Auditoria avalia qualidade das creches da rede municipal de ensino paulistana Notícias

30/06/2021 09:30

A Subsecretaria de Fiscalização e Controle (SFC) do Tribunal de Contas do Município de São Paulo (TCMSP) promoveu uma auditoria nos Centros de Educação Infantil (CEI) da rede pública municipal da capital paulista para verificar se as creches têm propiciado aos bebês e crianças as condições necessárias ao seu desenvolvimento, examinando aspectos sensíveis à oferta de ensino de qualidade. A análise abrangeu o período de 2018 a 2020 e foi realizada pelos técnicos do TCMSP entre abril de 2020 a fevereiro de 2021. O tema pertence à relatoria do conselheiro Maurício Faria.

Para a realização do trabalho, os auditores analisaram as estruturas central (Secretaria Municipal de Educação - SME), regional (Diretorias Regionais de Educação - DREs) e local (Centros de Educação Infantil - CEIs) relacionadas ao atendimento das crianças de zero a três anos, tanto da rede direta, onde a unidade educacional é administrada diretamente pela SME, como da rede parceira, em que a unidade é gerida por uma organização da sociedade civil, com repasse de recursos da SME formalizado por meio de termo de colaboração. Também foram aplicados, para subsidiar a análise de vários pontos de verificação, questionários eletrônicos (on-line) a diretores e professores de 39 CEIs sorteados.

Em relação ao suporte administrativo oferecido pela SME e DREs, os auditores apontaram que há diferenças, quanto à educação especial, entre os CEIs da rede direta e os da rede parceira, uma vez que os procedimentos para inclusão dos bebês e crianças com deficiência, transtornos do espectro autista, altas habilidades e superdotação são menos burocráticos para a rede direta, e que somente as unidades da rede direta dispõem de Auxiliar de Vida Escolar (AVE), contrariando o disposto no art. 21 do Decreto Municipal nº 57.379/2019.

Além disso, há evidências de problemas no atendimento inclusivo permeando igualmente CEIs diretos e parceiros, tais como ausência de diretrizes bem definidas e efetivas emanadas pelos órgãos de organização central e regional de educação, ficando o atendimento, na prática, a cargo da organização interna e das condições materiais existentes em cada unidade de educação infantil; há escassez de unidades com professor habilitado para realizar a inclusão das crianças com deficiências; carência de formação específica para a inclusão de crianças com deficiência em 67% das escolas de educação infantil; e falta de Professores de Atendimento Educacional Especializado (PAEEs) lotados nos CEIs para atuar de forma colaborativa com os demais colegas no trabalho de inclusão. A carência de profissional com formação específica em educação especial pode ocasionar prejuízo ao desenvolvimento dessas crianças.

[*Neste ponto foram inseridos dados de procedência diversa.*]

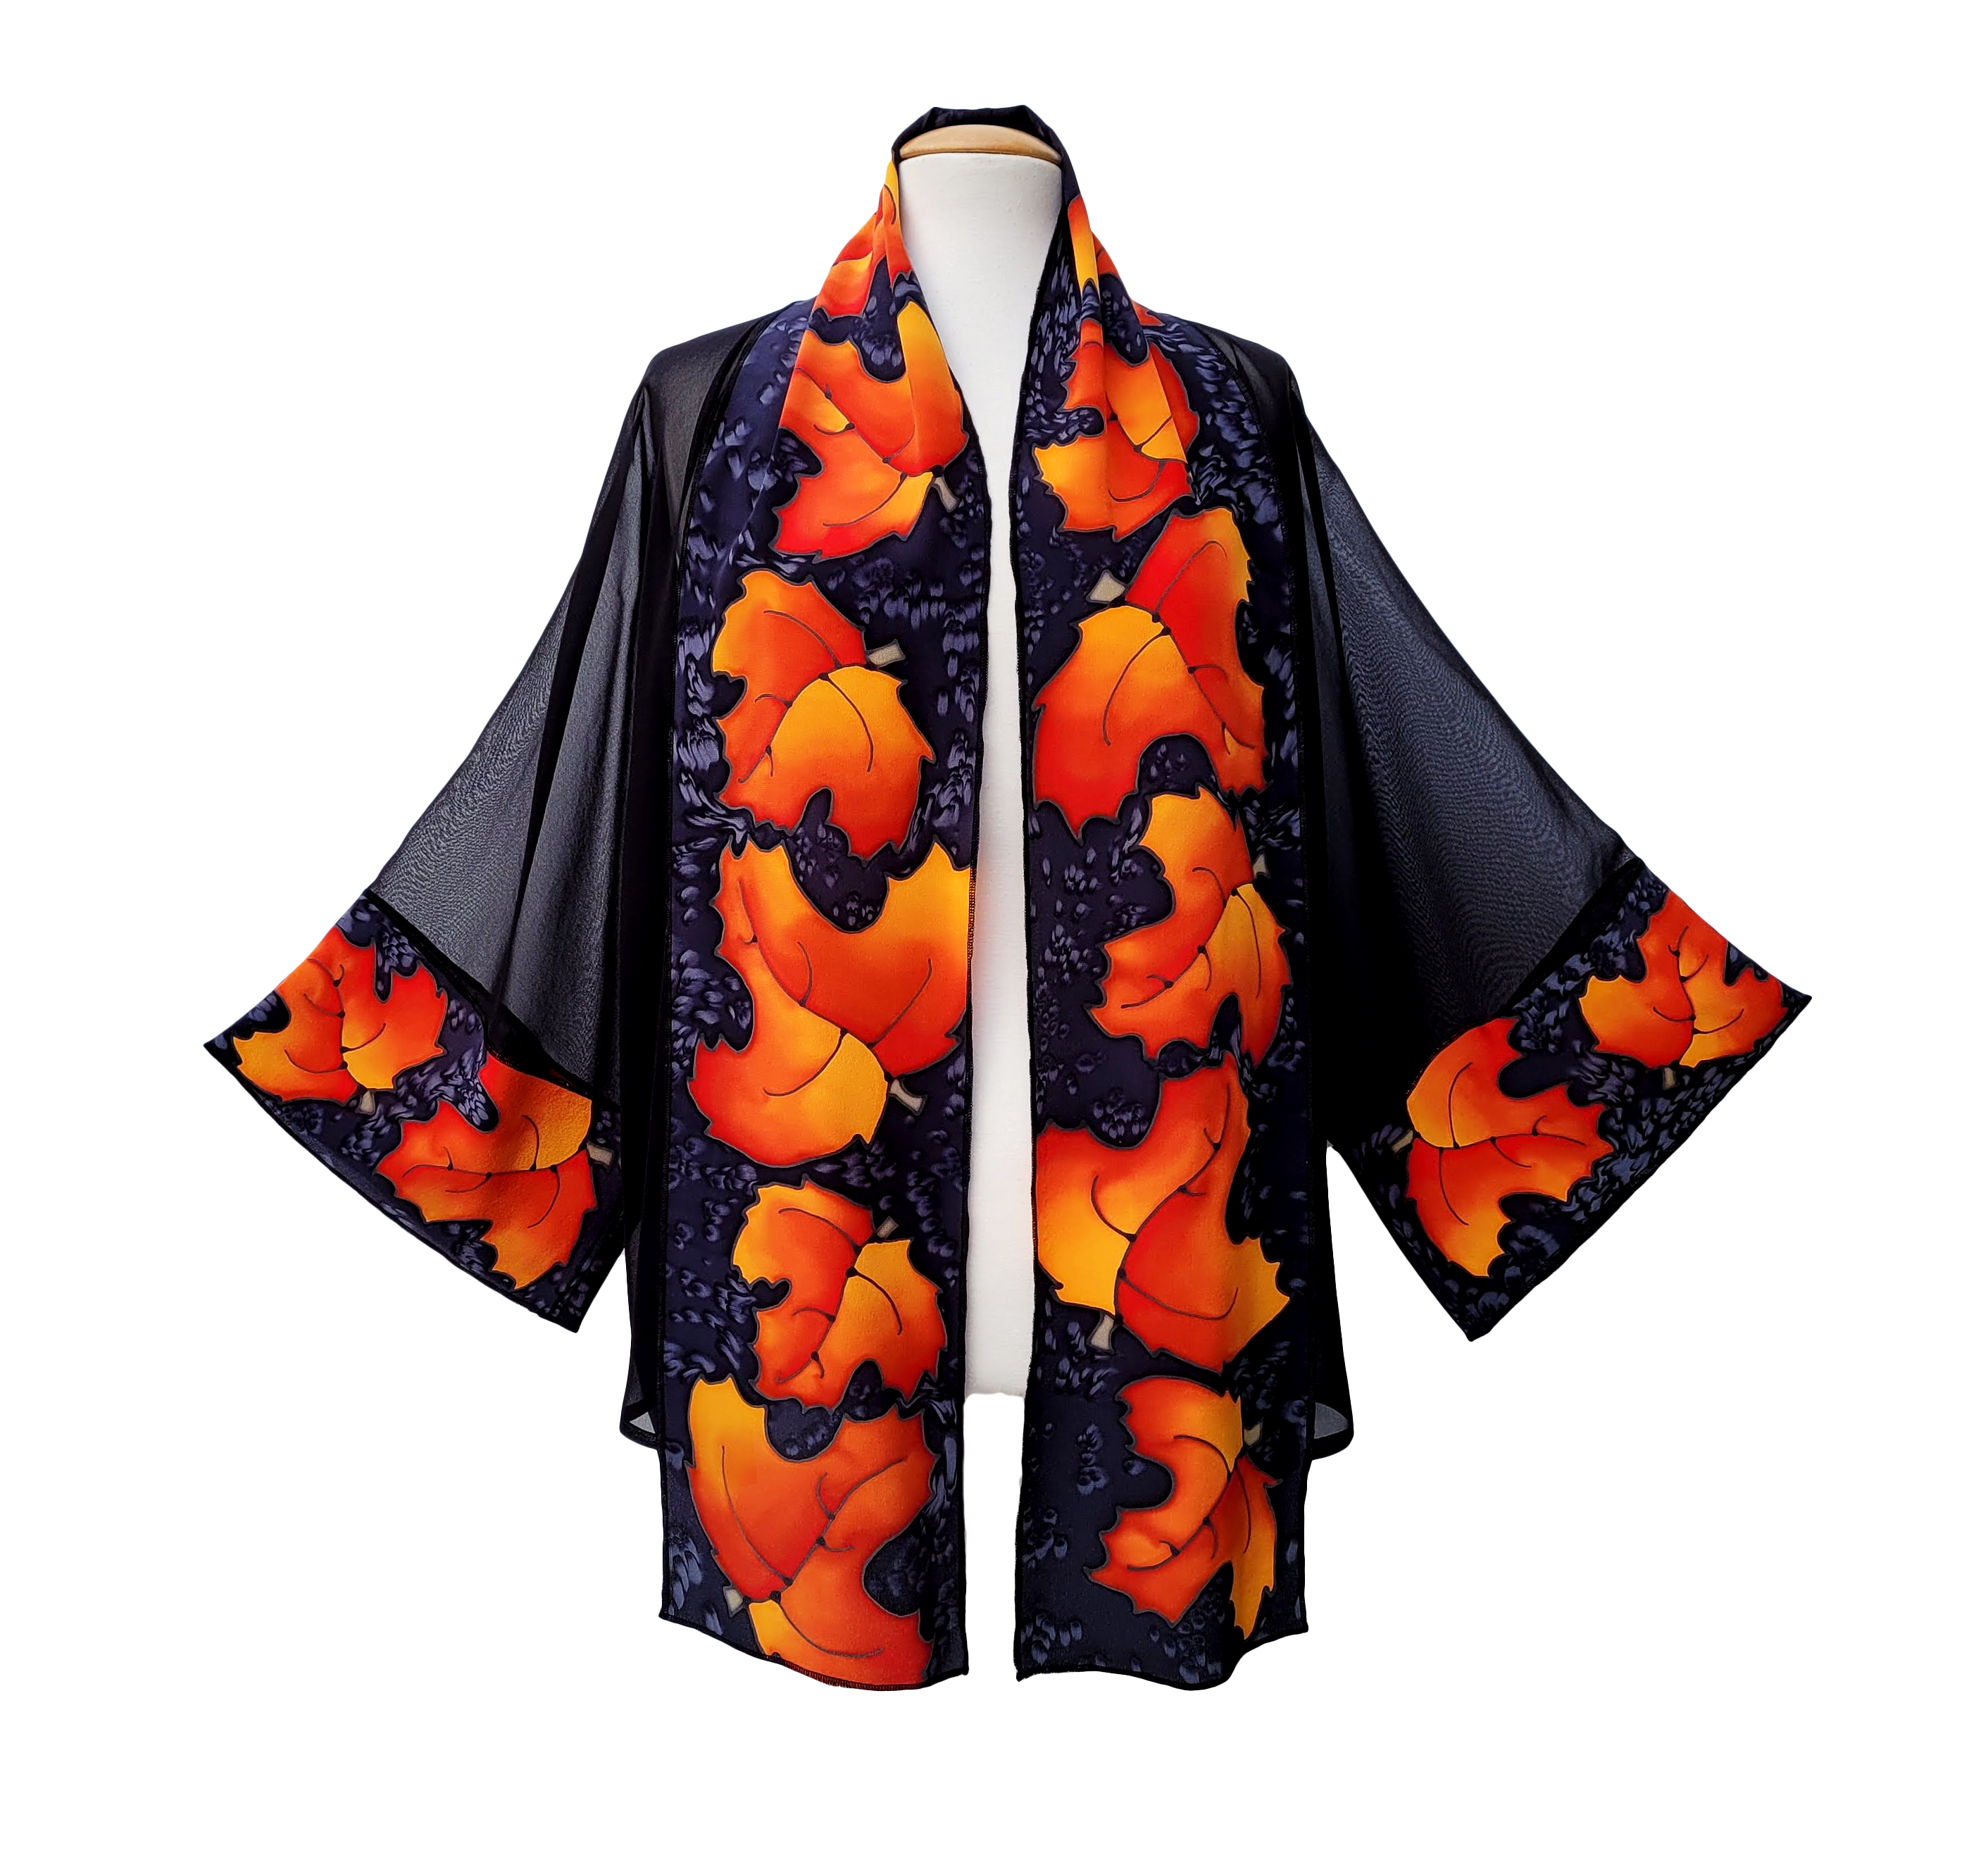 silk clothing hand painted autumn leaf kimono jacket for women handmade by Lynne Kiel

No que se refere à atuação da supervisão escolar, os relatórios ou termos de visitas analisados revelam que há proporcionalmente mais registros de necessidades de adequação aos padrões de qualidade da educação infantil paulistana nos CEIs da rede parceira do que nas unidades da rede direta, sendo que as maiores diferenças entre eles dizem respeito à organização do espaço físico (ambientes) e recursos materiais e mobiliários.

O principal resultado dos questionários aplicados aos supervisores escolares diz respeito à dificuldade para cumprimento das orientações por eles emitidas, em virtude, dentre outros, da falta de autonomia das equipes gestoras para o cumprimento das orientações da supervisão escolar e de recursos financeiros para as adequações necessárias.

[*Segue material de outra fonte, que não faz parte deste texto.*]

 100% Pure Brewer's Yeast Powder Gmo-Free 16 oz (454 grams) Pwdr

Quanto à estrutura administrativa e de gestão dos CEIs, os técnicos do TCMSP apontaram no relatório a existência de diferenças significativas relativas à estrutura organizacional entre CEIs diretos e parceiros em diversos aspectos, inclusive quanto ao quadro de pessoal, tais como:

a) repasse de verbas: diferentemente do que ocorre com a rede direta, os CEIs parceiros não recebem verbas do Programa Dinheiro Direto na Escola (PDDE) e do Programa de Transferência de Recursos Financeiros (PTRF), mas repasses mensais de recursos municipais, no valor pactuado em termo de colaboração;

b) jornada de trabalho: embora o sistema de atendimento seja idêntico entre os CEIs (integral com dez horas diárias), o tempo em sala de aula dos professores da rede parceira é consideravelmente maior (40 horas semanais, ante 25 – mais cinco destinadas a formação – na direta), havendo dois turnos nos CEIs diretos e turno único nos parceiros;

c) formação: embora não se possa ignorar o fato de que professores e gestores que ingressam na área pública via concurso (cargos estatutários) ostentam mais titulações do que os profissionais com vínculo precário com a Administração Pública (caso do quadro de pessoal dos CEIs parceiros, formado por celetistas) – o índice de participação dos profissionais em cursos e eventos de formação continuada é bastante similar (cerca de 90% dos profissionais entrevistados declararam ter participado de eventos dessa natureza ao longo de 2019). Entretanto, quase 70% dos docentes dos CEIs parceiros participaram das formações durante a parada pedagógica (até em virtude da carga horária desses professores em sala de aula), ante 15,9% dos professores da rede direta, que dispõem de mais momentos para investir em atualização e aperfeiçoamento;

d) rotatividade e retenção: os professores dos CEIs diretos sorteados atuam, via de regra, há mais tempo nessas unidades escolares do que os dos CEIs parceiros (87,9% trabalham na mesma escola há 6 anos ou mais, contra 58,4% da rede parceira). Esse resultado se mostra compatível com a intenção manifestada por diversos profissionais dos CEIs parceiros de migrar para a rede direta (65,2% dos diretores e 86,1% dos professores, respectivamente);

e) remuneração e condições de trabalho: os vencimentos de quase metade dos diretores dos CEIs diretos é superior a dez salários mínimos, enquanto os rendimentos de mais de 85% dos diretores dos CEIs parceiros sorteados não ultrapassam cinco salários mínimos. Entre os professores, os vencimentos de 70,9% dos docentes dos CEIs diretos estão entre três e cinco salários mínimos (23,7% recebem de cinco a dez salários mínimos); por sua vez, 99,2% dos professores dos CEIs parceiros recebem entre um e três salários mínimos.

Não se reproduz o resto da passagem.